Hence ${\left\{x_i\right\}}_{i=0}^{\infty }$ is a $\delta$-ergodic pseudo-orbit for $f_{1,\infty }$. So, by the $\mathcal{F}$-shadowing property of $(X,f_{1,\infty })$, there is a point $z\in X$ such that ${\left\{x_i\right\}}_{i=0}^{\infty }$ is $\mathcal{F}$-$\epsilon$-shadowed by z, that is,

$$\{i\in {\mathbb{Z}}^{+}:d(f_1^i\left(z\right),x_i)<\epsilon \}\in \mathcal{F}.$$

In particular, taking the value of index i being $mi$, one has

$$\begin{array}{cc}\hfill \{i\in {\mathbb{Z}}^{+}:d(f_1^{mi}\left(z\right),x_{mi})<\epsilon \}& =\{i\in {\mathbb{Z}}^{+}:d(f_1^{mi}\left(z\right),y_i)<\epsilon \}\hfill \\ & =\{i\in {\mathbb{Z}}^{+}:d(h_1^i\left(z\right),y_i)<\epsilon \}\hfill \\ & \in \mathcal{F}.\hfill \end{array}$$

So, z is a point of X which is $\mathcal{F}$-$\epsilon$-shadowing the $\delta$-ergodic pseudo-orbit ${\left\{y_i\right\}}_{i=0}^{\infty }$ of $f_{1,\infty }^{\left[m\right]}$. Thus, $(X,f_{1,\infty }^{\left[m\right]})$ has a $\mathcal{F}$-shadowing property.
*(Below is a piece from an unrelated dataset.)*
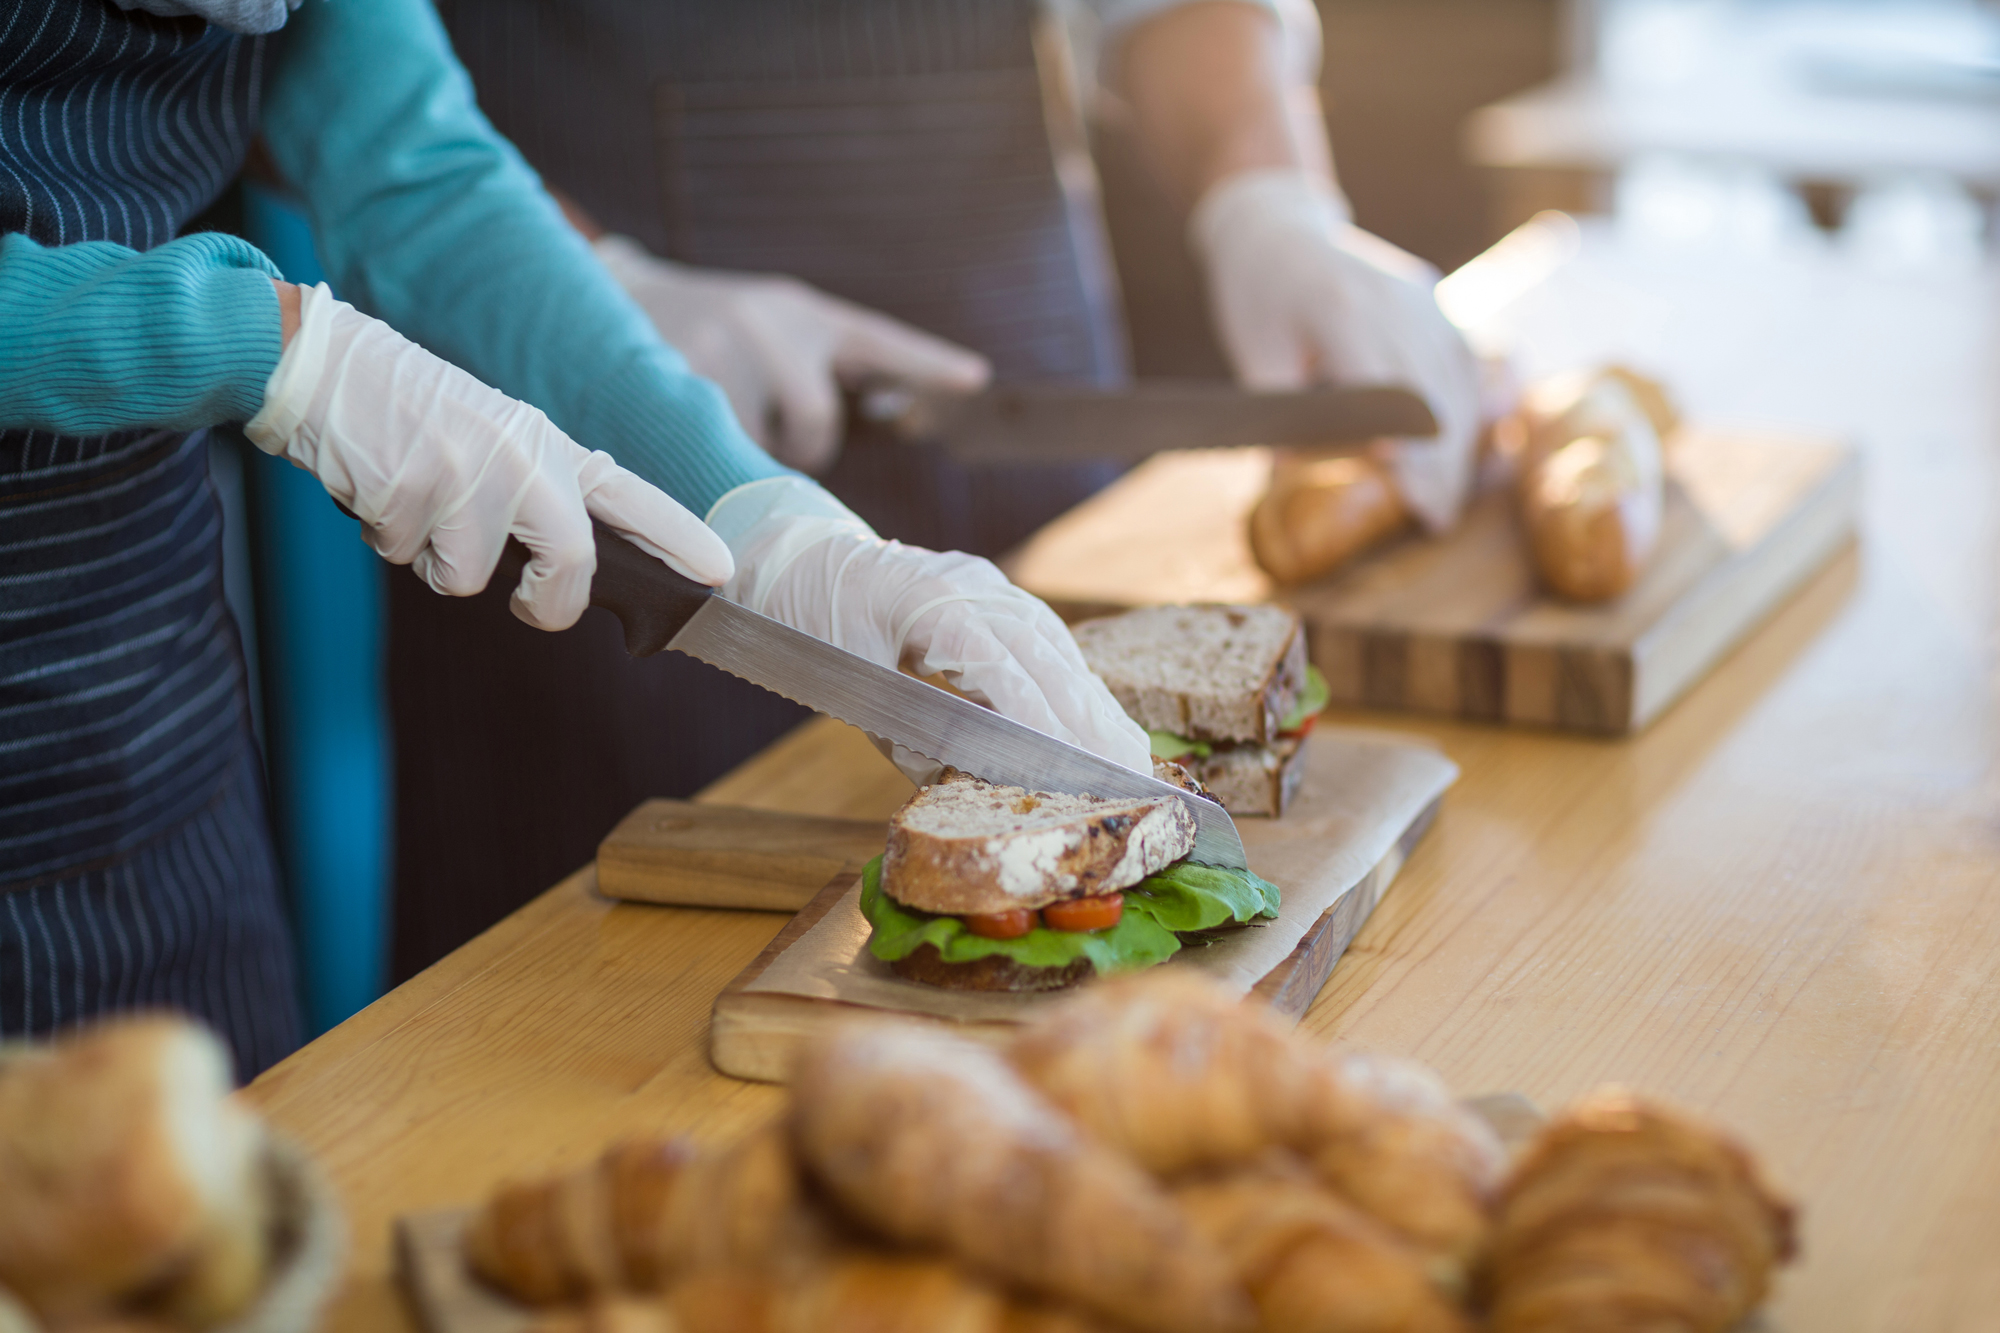 Restaurant Employee Cutting Sandwich While Wearing Gloves

Similarly, one can prove the results about the ergodic shadowing property, $\overline{d}$ shadowing property, and $\underline{d}$ shadowing property. □

Theorem 2.

Let $(X,d_1)$ and $(Y,d_2)$ be metric spaces with non-autonomous mapping sequences $f_{1,\infty }$ and $g_{1,\infty }$ defined on them, respectively. If $f_{1,\infty }$ is topologically conjugate to $g_{1,\infty }$, then $(X,f_{1,\infty })$ has an ergodic shadowing property (resp., $\overline{d}$ shadowing property, $\underline{d}$ shadowing property, and $\mathcal{F}$-shadowing property) if, and only if, $(Y,g_{1,\infty })$ also does.

Proof. 

Let ${\epsilon }_2>0$ be given. Since $f_{1,\infty }$ is topologically conjugate to $g_{1,\infty }$, there exists a homeomorphism $h:X\to Y$ such that $h\circ f_n=g_n\circ h$ or $f_n\circ h^{-1}=h^{-1}\circ g_n$ for all $n\ge 0$. By the uniform continuity of h, for every ${\epsilon }_2>0$, $d_1(x,y)<{\epsilon }_1$ for a ${\epsilon }_1>0$ implies $d_2(h\left(x\right),h\left(y\right))<{\epsilon }_2$. Since $f_{1,\infty }$ has an ergodic shadowing property, then for the above ${\epsilon }_1>0$, there exists a ${\delta }_1>0$ such that, ${\delta }_1$-ergodic pseudo-orbit ${\left\{x_i\right\}}_{i=0}^{\infty }$ of $f_{1,\infty }$ can be ${\epsilon }_1$-ergodic shadowed by some points in X. By the uniform continuity of $h^{-1}$, for ${\delta }_1>0$, there is a ${\delta }_2>0$ such that $d_2(x,y)<{\delta }_2$ implies $d_1(h^{-1}\left(x\right),h^{-1}\left(y\right))<{\delta }_1$. The following will prove that each ${\delta }_2$-ergodic pseudo-orbit of $g_{1,\infty }$ can be ${\epsilon }_2$-ergodic shadowed by some points in Y.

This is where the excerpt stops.